Rebecca Reeve was born in London, England. She received her Bachelor of Fine Arts degree at Bath Spa University and a Masters of Visual Arts at the University of South Wales, Australia. Her photographs have been exhibited nationally and internationally including La Biennale de Montreal, (Canada), Freies Museum, Berlin, (Germany), Museum of Latin American Art, (Buenos Aires), EFA Project Space, (NYC) and the Masur Museum of Art, (Louisiana). In 2013, she was Artist in Residence at Everglades National Park and was the recipient of the Artist in Exploration grant underwritten by Rolex. In 2016 she was the Artist in Residence at Joshua Tree National Park and included as part of the Hermès artist in window program series. She lives and works in New York City.

Swoon, born Caledonia Curry, is a classically trained visual artist and printmaker who has spent the last 14 years exploring the relationship between people and their built environments. Her work has been collected and shown internationally at galleries and museums, including the Museum of Modern Art, New York; the Brooklyn Museum; the Institute of Contemporary Art, Boston; and the São Paulo Museum of Art.

Vahge approaches collage as sculptural craft, using tiny pieces of magazine paper to build layered characters and scenes with precise depth, texture, and detail. In her hands, an eye, a stem, a tendril of hair yields its former intention and forms a new narrative. Her collage explores complexities between personal values and public culture. Mixing contemporary images and symbols, Vahge tells intimate and surreal stories

Where light-heartedness challenges uneasiness.

Where self-ownership and valuation are undermined by society.

Where the histories of our societies, families, and even our selves, are often half-invented.

She arranges these moments into celebrations of human fragility.

A self taught artist, Vahge moved to Brooklyn, NY in the fall of 2007, where she currently lives and works. Her collages have been shown and sold worldwide: in Europe, Asia, and North America. She has created album and promotional artwork for a variety of musical acts and companies.

Vicky Barranguet is a New York-based painter, born in Montevideo, Uruguay, whose work has exhibited both nationally and internationally and has been acquired by various private collections.

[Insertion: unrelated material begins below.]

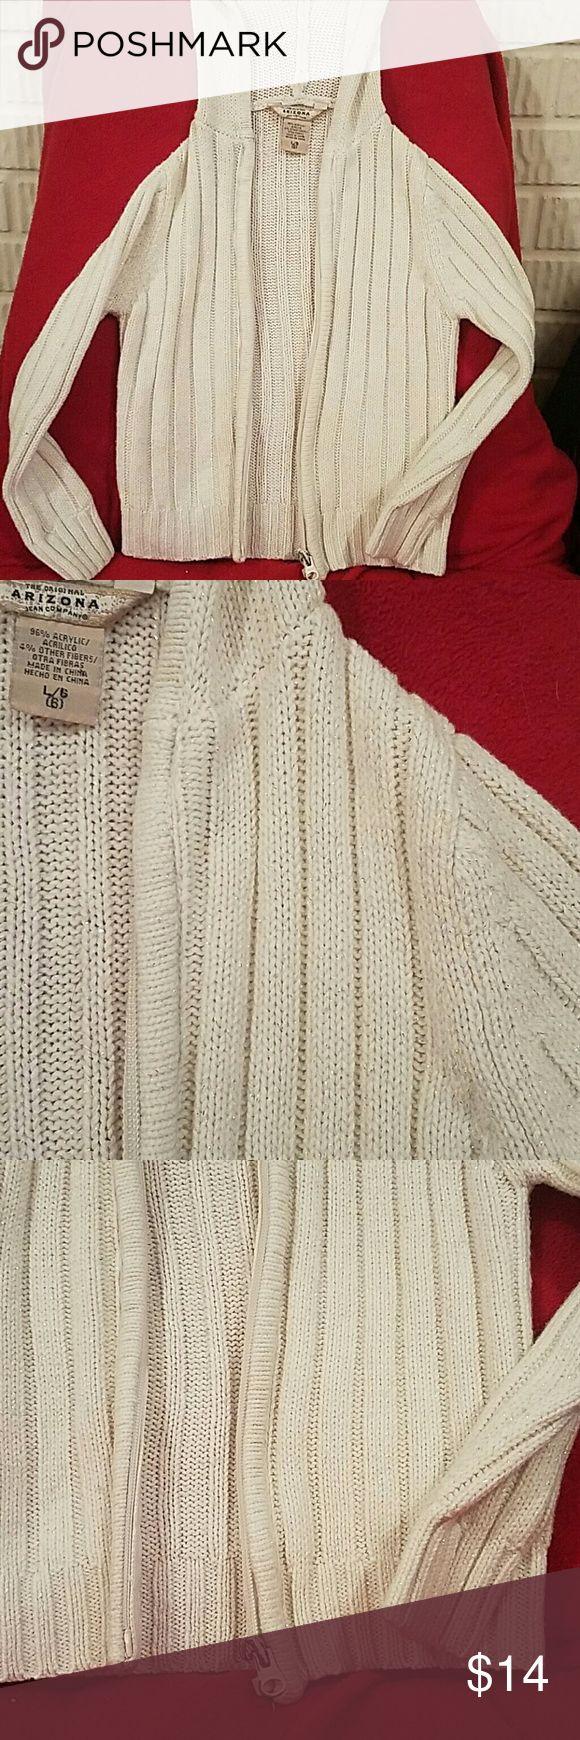 Girls Winter White & Silver zip-up knit sweater Winter White & Silver zip-up knit hooded sweater. Arizona Jean Company Shirts & Tops Sweatshirts & Hoodies
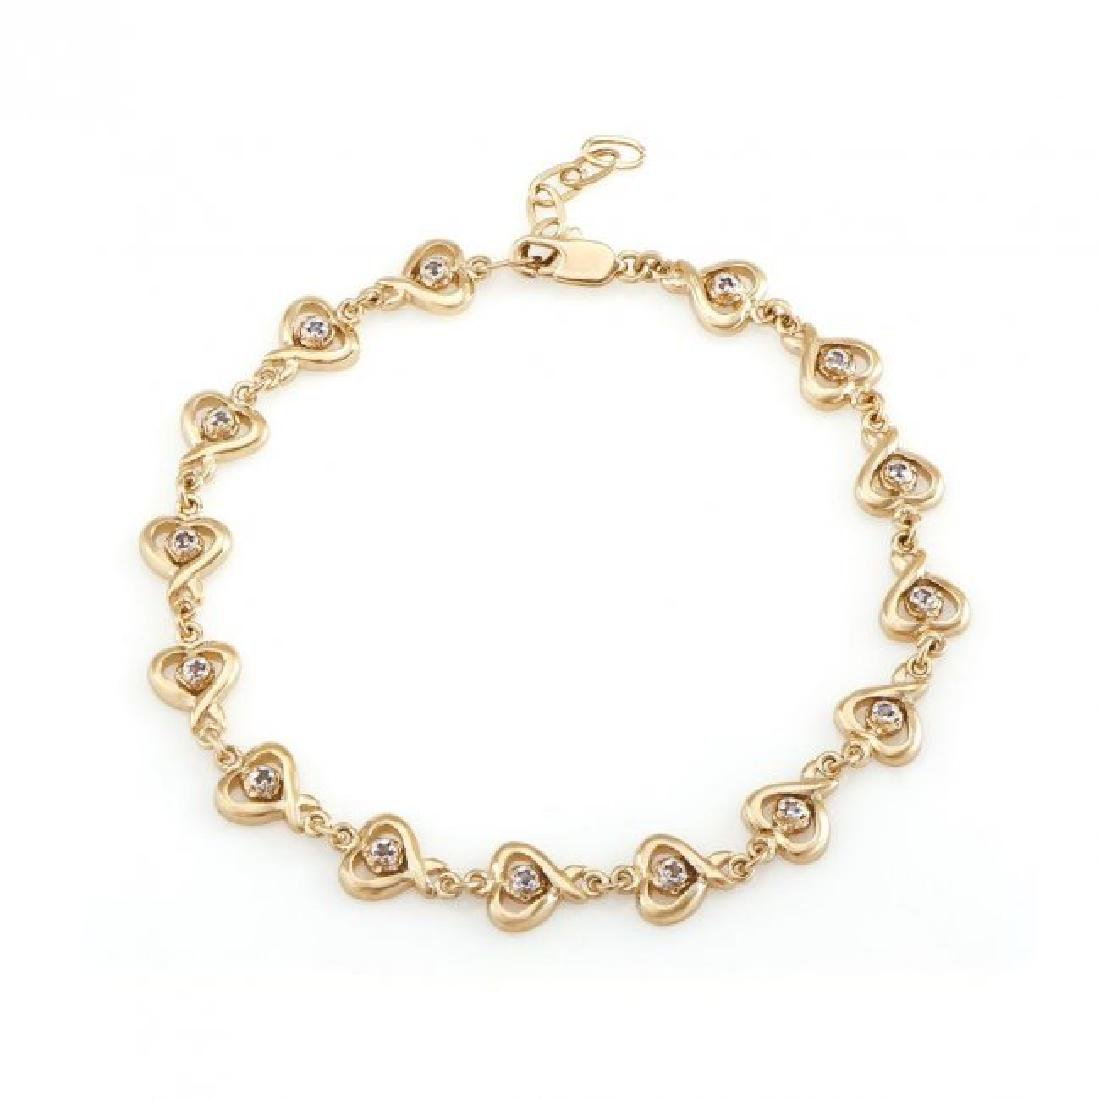 0.69 CT Diamond Designer Hearts Bracelet $1,375.00!

Her work is embodied by an empirical investigation of the pictorial structure, where processes departing from spontaneous gestures evolve into elaborate and complex systems where improvisation, organization of form and space, and attention to detail are at its core. She created in 2005 the show: Painting Music, a live painting – music show, touring since then through out the world, with original music, nominated for the Latin Grammy Awards, by her partner Gustavo Casenave and participation of Jane Ira Bloom y Federico Britos, Grammy award winners. In 2006, she created a special collection of hand painted dresses, presenting them in Uruguay’s Fashion Week ’06, ’07 & ’08, collaborating with different designers. In 2010 she was the featured artist for Jodi Arnold’s 2010 collection in New York City, featured in the New York Times.  She exhibits a new fresh style of painting revealing a unique voice of complexities that challenges vision and the experience of painting. Her career developed over many years in Uruguay and in United States where she has studied in the recent years with painters such as Larry Poons and William Scharf, and Clever Lara in Uruguay. Barranguet’s work has also been commissioned by Nike, Adidas and Longchamp just to mention a few.